10. Polimorfismo de un solo nucleótido
Al secuenciarlo y luego compararlo con la secuencia de nucleótidos de la región correspondiente en el genoma relevante, se pueden detectar diferencias en la secuencia de nucleótidos, algunas de las cuales. Son causados por diferencias en nucleótidos individuales, son polimorfismos genéticos conocidos como marcadores SNP. K. Meksem et al (2001) convirtieron con éxito marcadores AFLP en tomate en marcadores SNP. Los marcadores SNP son extremadamente abundantes, cubren todo el genoma y tienen amplias perspectivas de aplicación.

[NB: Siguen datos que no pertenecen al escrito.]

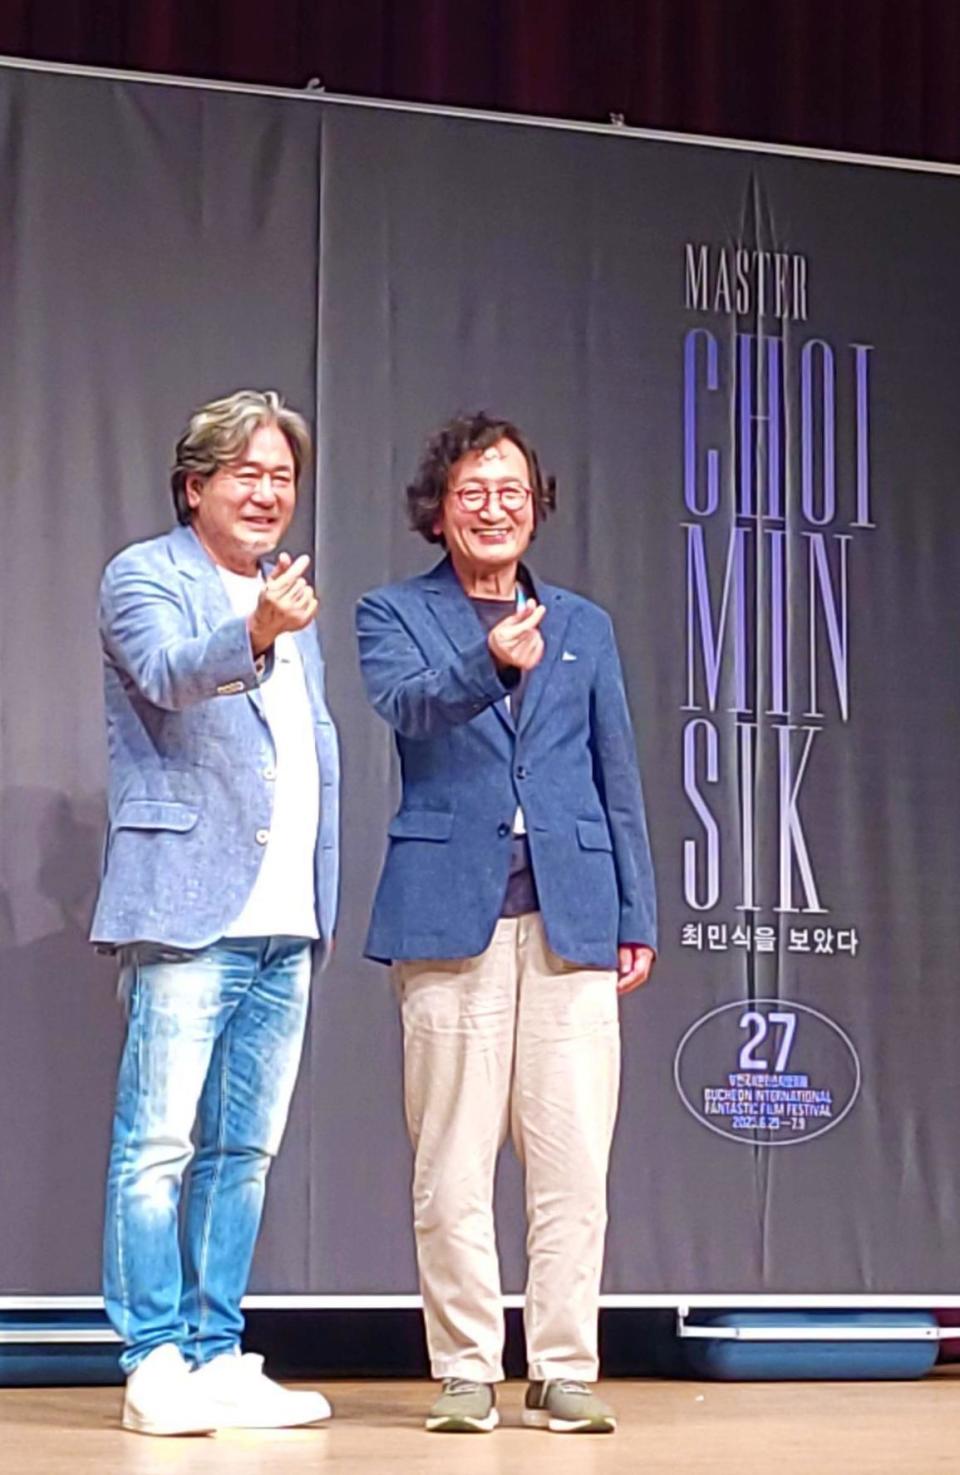 崔岷植與富川影展影展組織委員長鄭智泳導演一同出席記者會。

En resumen, la tecnología de marcadores moleculares se está desarrollando rápidamente. A medida que se desarrolle la biotecnología, se desarrollarán más tecnologías. La combinación de la tecnología de selección asistida por marcadores moleculares con el mejoramiento convencional de tomates puede mejorar la precisión de la selección y la eficiencia de los rasgos objetivo, acelerando así el proceso de mejoramiento del tomate. Con la implementación del Proyecto Genoma del Tomate [Proyecto Genoma del Tomate (# 9872617), (http://www.nsf.gov/bio/DBI/DBI_PGR.htm)] y el desarrollo y mejora continua de la tecnología de chips genéticos, be La construcción del mapa de enlace saturado del tomate proporciona una gran cantidad de información de datos de ADN y se hereda de una gran cantidad de individuos. Utilizando la información de la secuencia del genoma del tomate, las secuencias de ADN se pueden comparar y analizar directamente para revelar polimorfismos a nivel de un solo nucleótido entre individuos, desarrollando así marcadores SNP extremadamente ricos que cubren todo el genoma.

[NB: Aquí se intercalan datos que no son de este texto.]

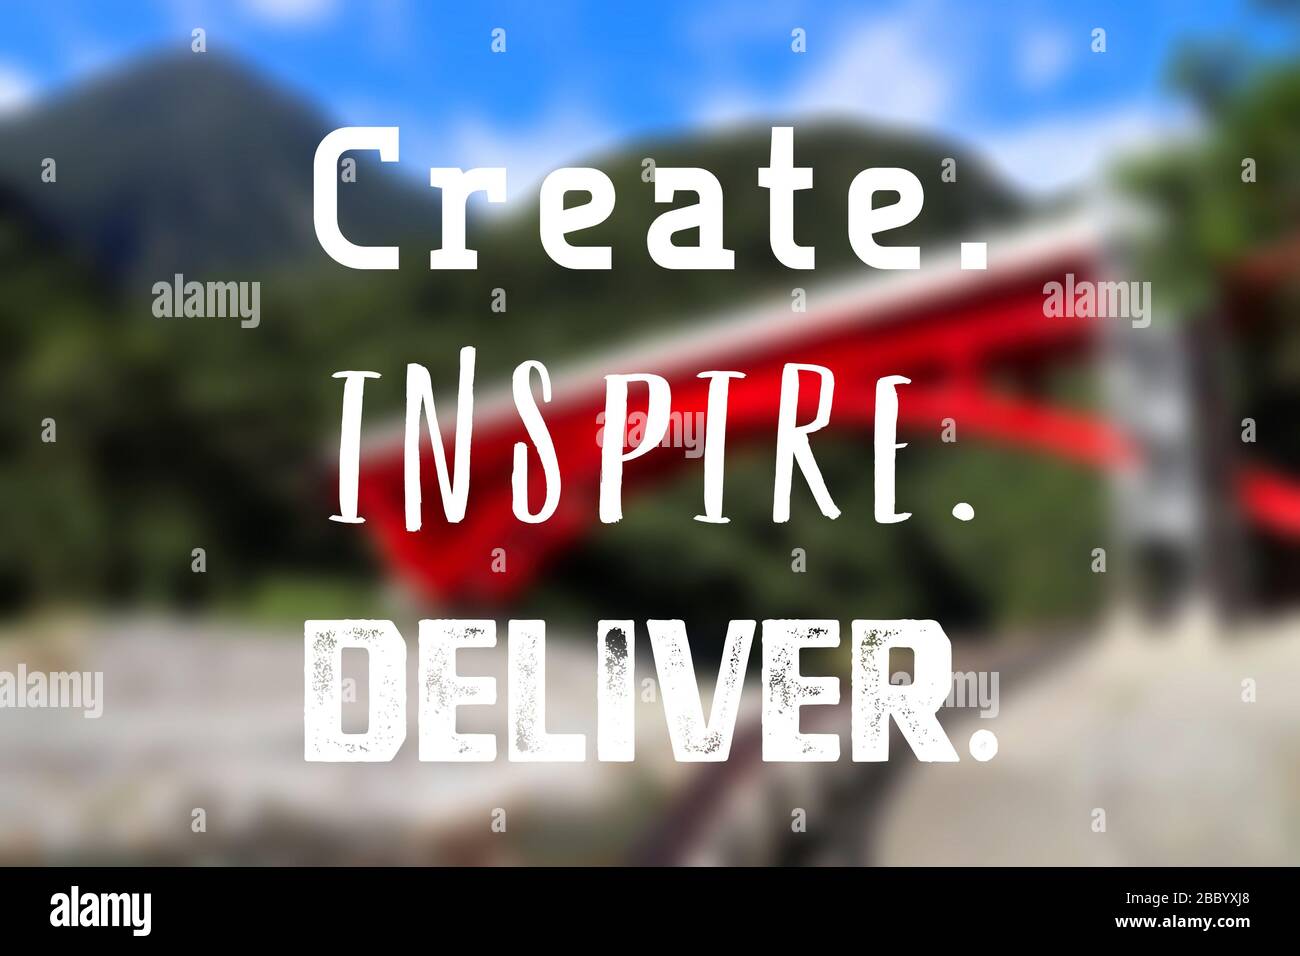 Kreieren, inspirieren, liefern. Poster zum inspirierenden Angebot am Arbeitsplatz. Zeichen der Erfolgsmotivation. Stockfoto

Mediante el uso de la tecnología de chips genéticos, todos los marcadores moleculares basados en secuencias de ADN (como RFLP, RAPD, CAPS, STS, SNP, etc.), sondas genéticas clonadas, EST y miles de otras secuencias de ADN se pueden fijar en un solo chip. Siempre que se hibride el ADN de las cepas individuales de cada población, se puede identificar una gran cantidad de cepas individuales de forma rápida, precisa y con una alta capacidad de transmisión con la ayuda de programas de análisis automáticos y sistemas de gestión de la información. La aplicación de la tecnología de chips al análisis genético de materiales de mejoramiento de tomates contribuirá al mapeo y clonación precisos de genes y QTL de alta calidad, y también ayudará a mejorar aún más la tecnología moderna de mejoramiento de variedades de tomate y la tecnología y los métodos de mejoramiento asistidos molecularmente.